Wanted to share our experience implementing automated validation for production schedules in DAM 2022. We were dealing with constant MRP and BOM mismatches that caused schedule adherence issues and resulted in material shortages on the floor.
Our previous process relied on manual spot-checks by production planners, which meant errors often weren’t caught until materials were already committed or work orders released. We built an automated validation framework that runs every time a schedule is generated or modified, checking MRP calculations, BOM explosion logic, and material availability against actual inventory.
The results have been significant - we’ve seen a 40% reduction in schedule-related discrepancies and our on-time delivery improved from 78% to 94% over six months. The system now catches issues like phantom BOM components, incorrect yield factors, and timing mismatches before they impact production.
Happy to discuss our implementation approach and the specific validation rules we developed.
This is exactly what we need! We’re struggling with the same MRP accuracy issues. Can you share more details about what validation rules you implemented? Specifically interested in how you handle BOM explosion checks for multi-level assemblies.
Absolutely - reporting was critical to adoption. We built shift-based reports that show validation results by production area, material category, and severity level. Planners get a dashboard at shift start showing any schedule issues that need attention, prioritized by impact to customer orders.
The exception-based review process means planners only focus on the 5-10% of items that failed validation rather than reviewing everything. Each exception includes root cause analysis and suggested corrections, which cut resolution time significantly.

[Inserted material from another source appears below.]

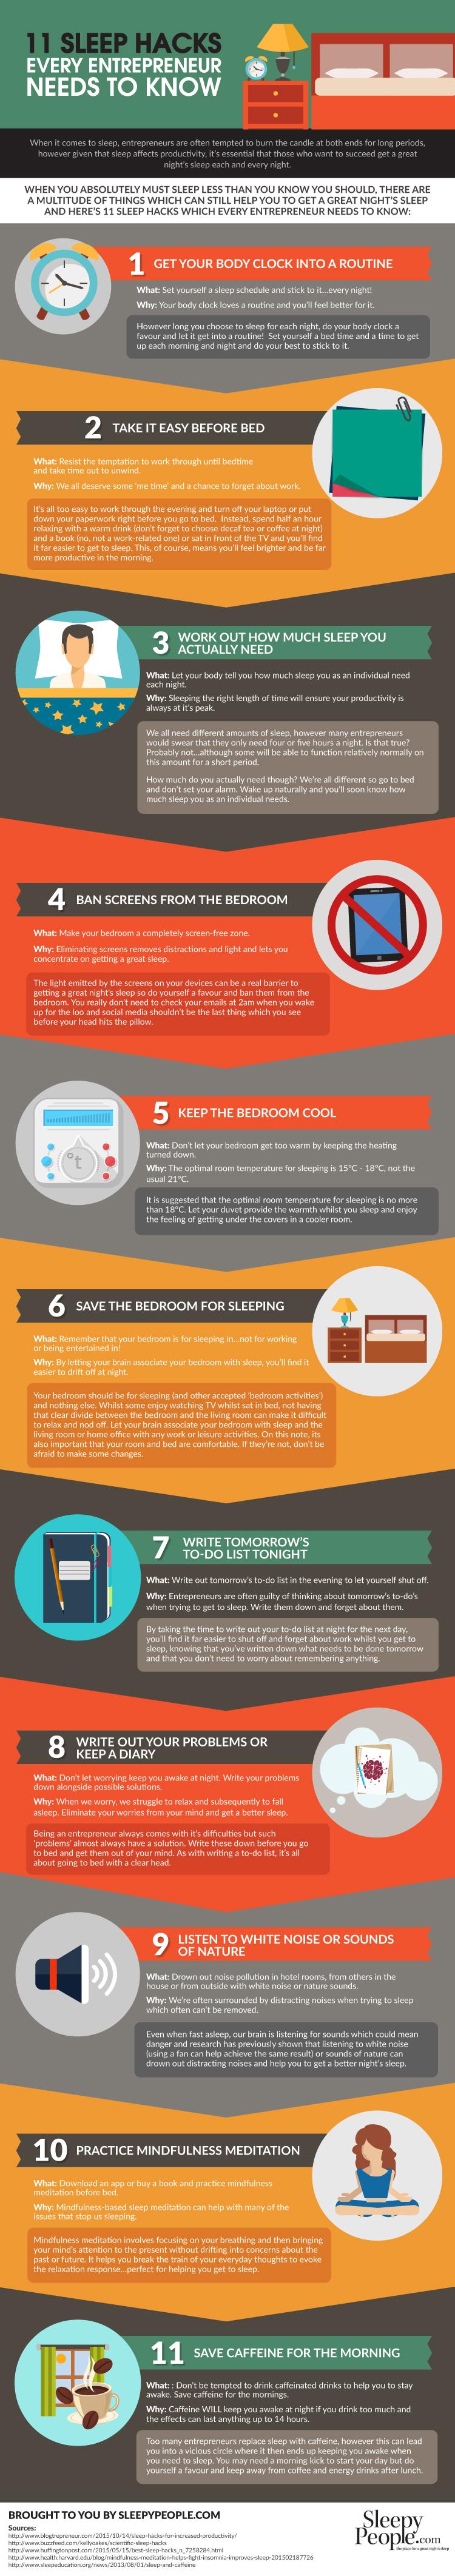 sleep-hacks-for-entrepreneurs

Great question. Performance was definitely a challenge initially. We optimized by implementing incremental validation - only checking what changed rather than revalidating the entire schedule. For full validations, we run them asynchronously during off-peak hours and cache the results.
We also use exception-based validation where possible - instead of checking every line item, we focus on high-risk scenarios like new products, engineering changes, or materials with historical shortages. This reduced validation time to under 3 minutes for typical schedule changes while maintaining accuracy.